The answer is an exact copy of the lines from the one with "Dungeness crab on" to the end of the listing below, pictures left out.
(EXERCISE DATA)
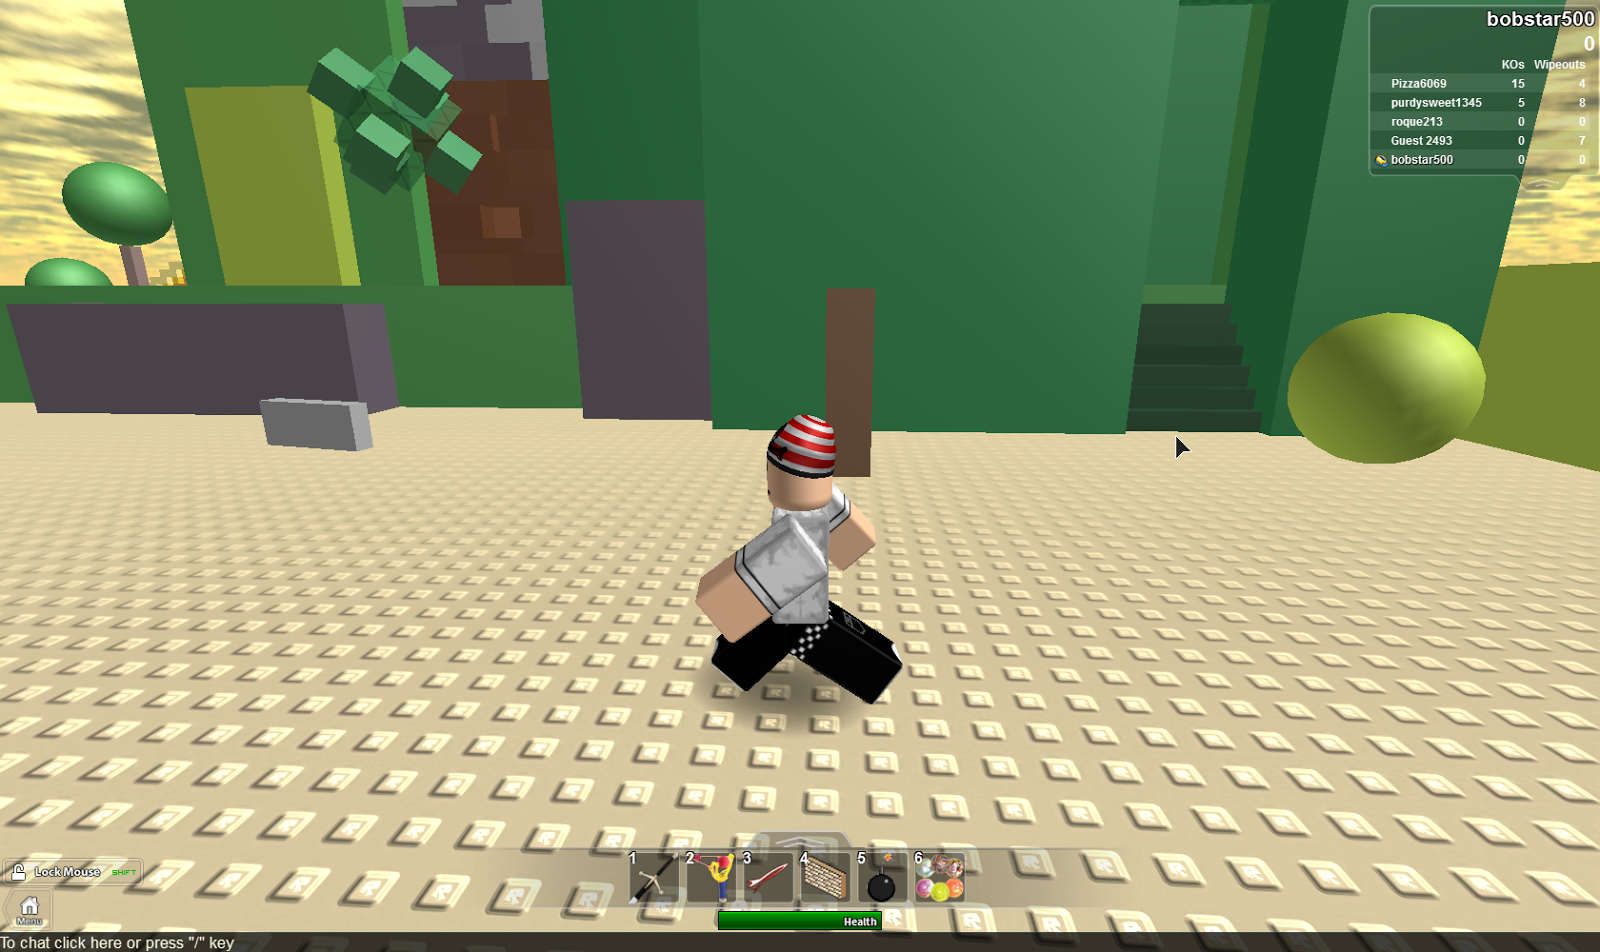 Unofficial Roblox June 2014 - roblox character running
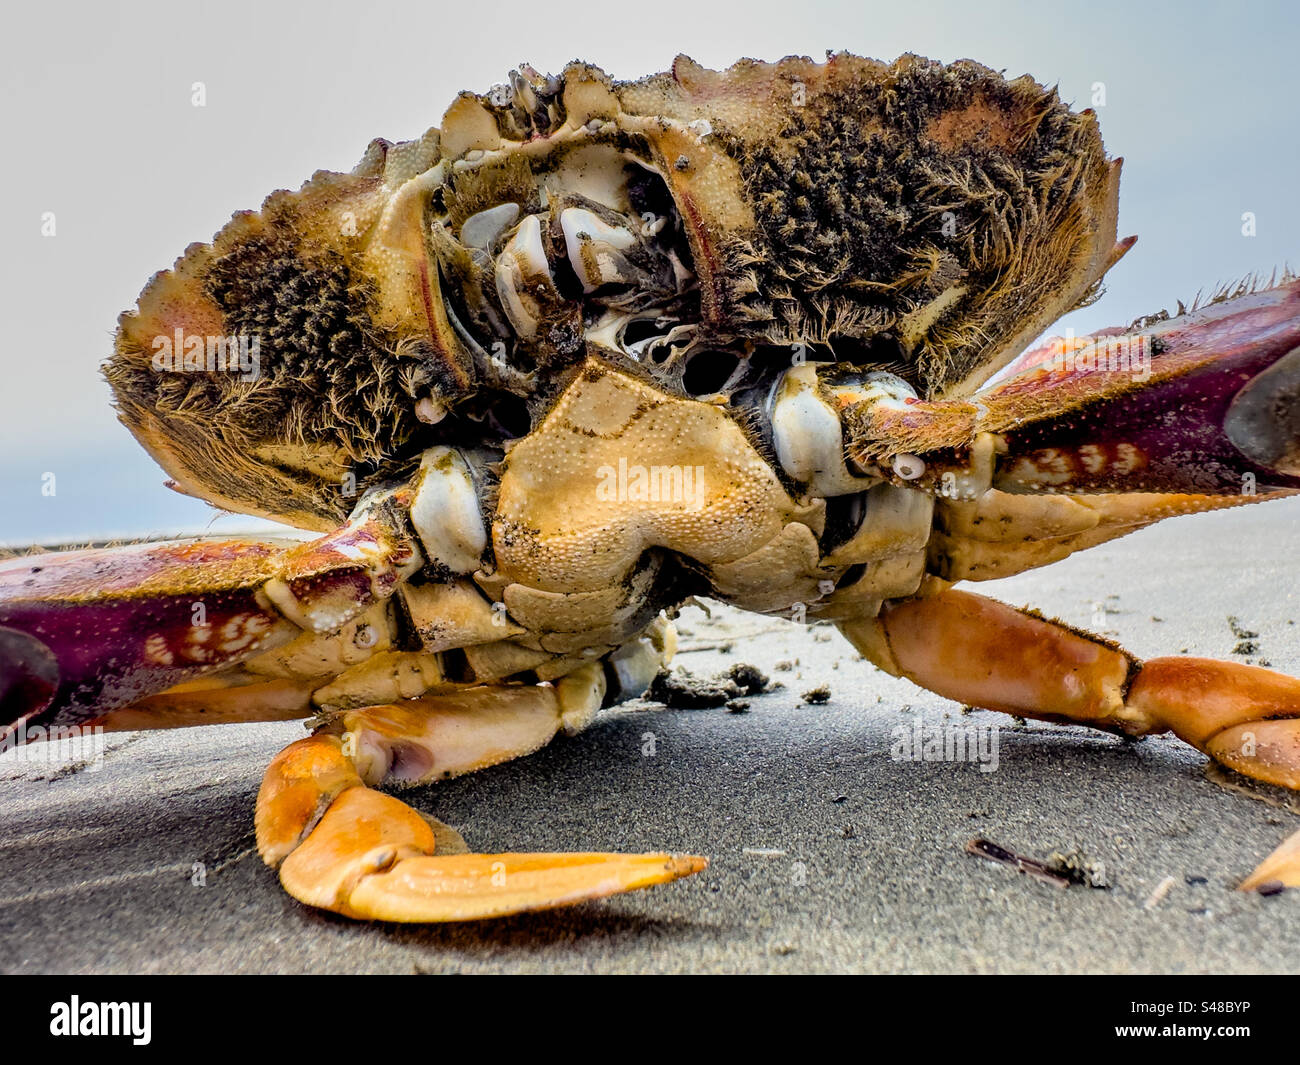 Dungeness crab on a beach in Washington state Stock Photo
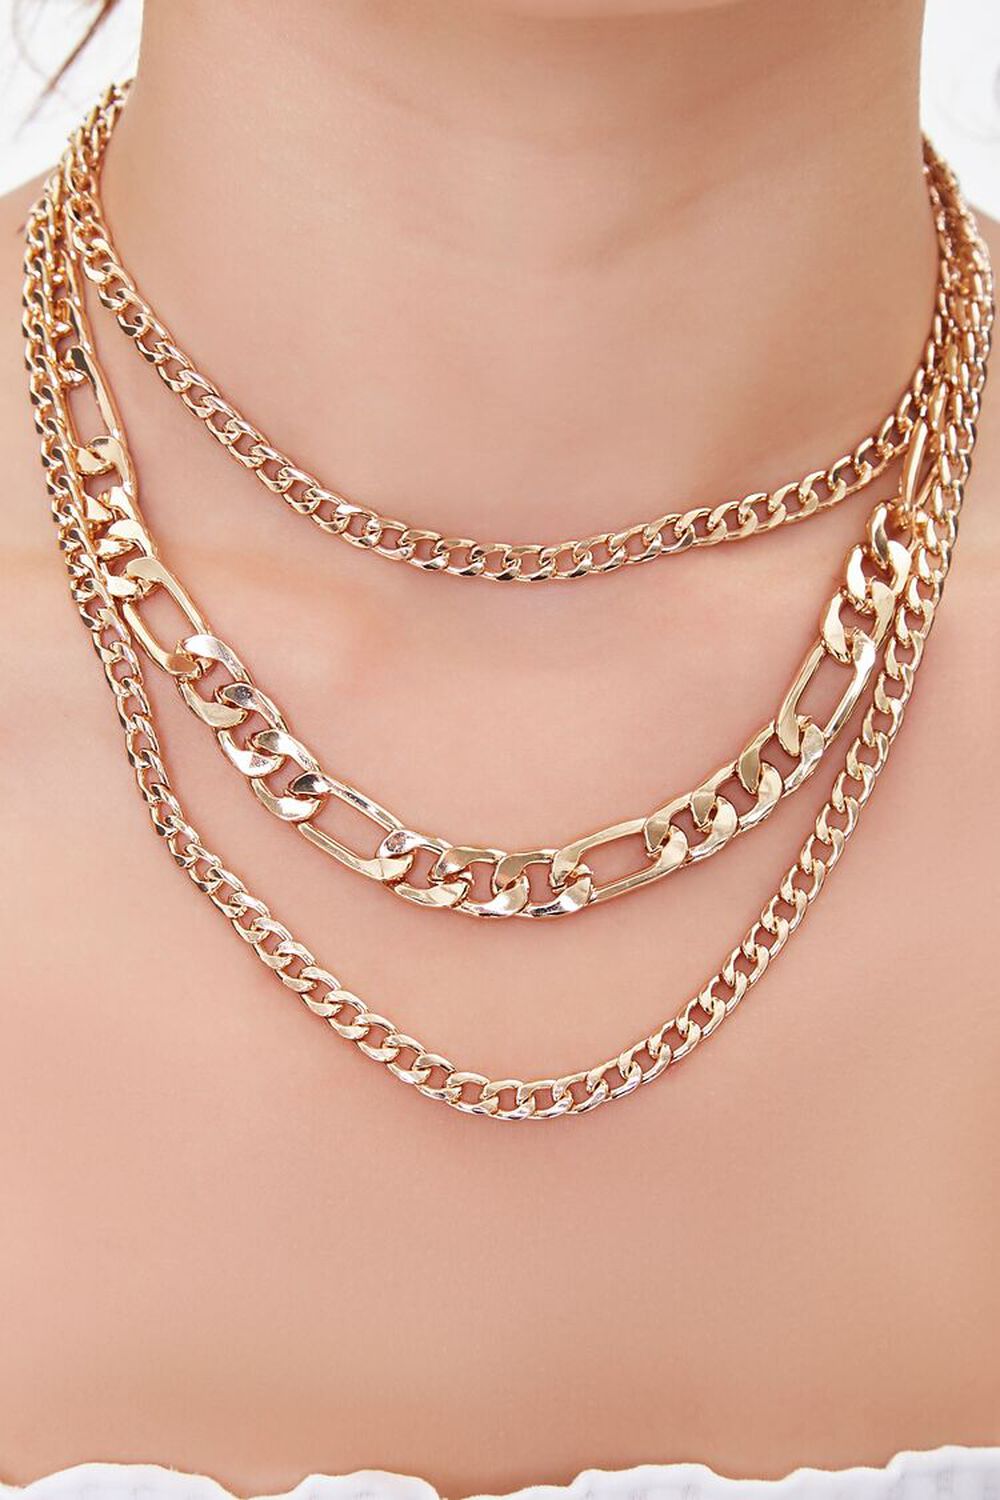 Chunky Layered Chain Necklace, image 1
(End EXERCISE DATA)
:: WRITTEN ANSWER ::
 Dungeness crab on a beach in Washington state Stock Photo
 Chunky Layered Chain Necklace, image 1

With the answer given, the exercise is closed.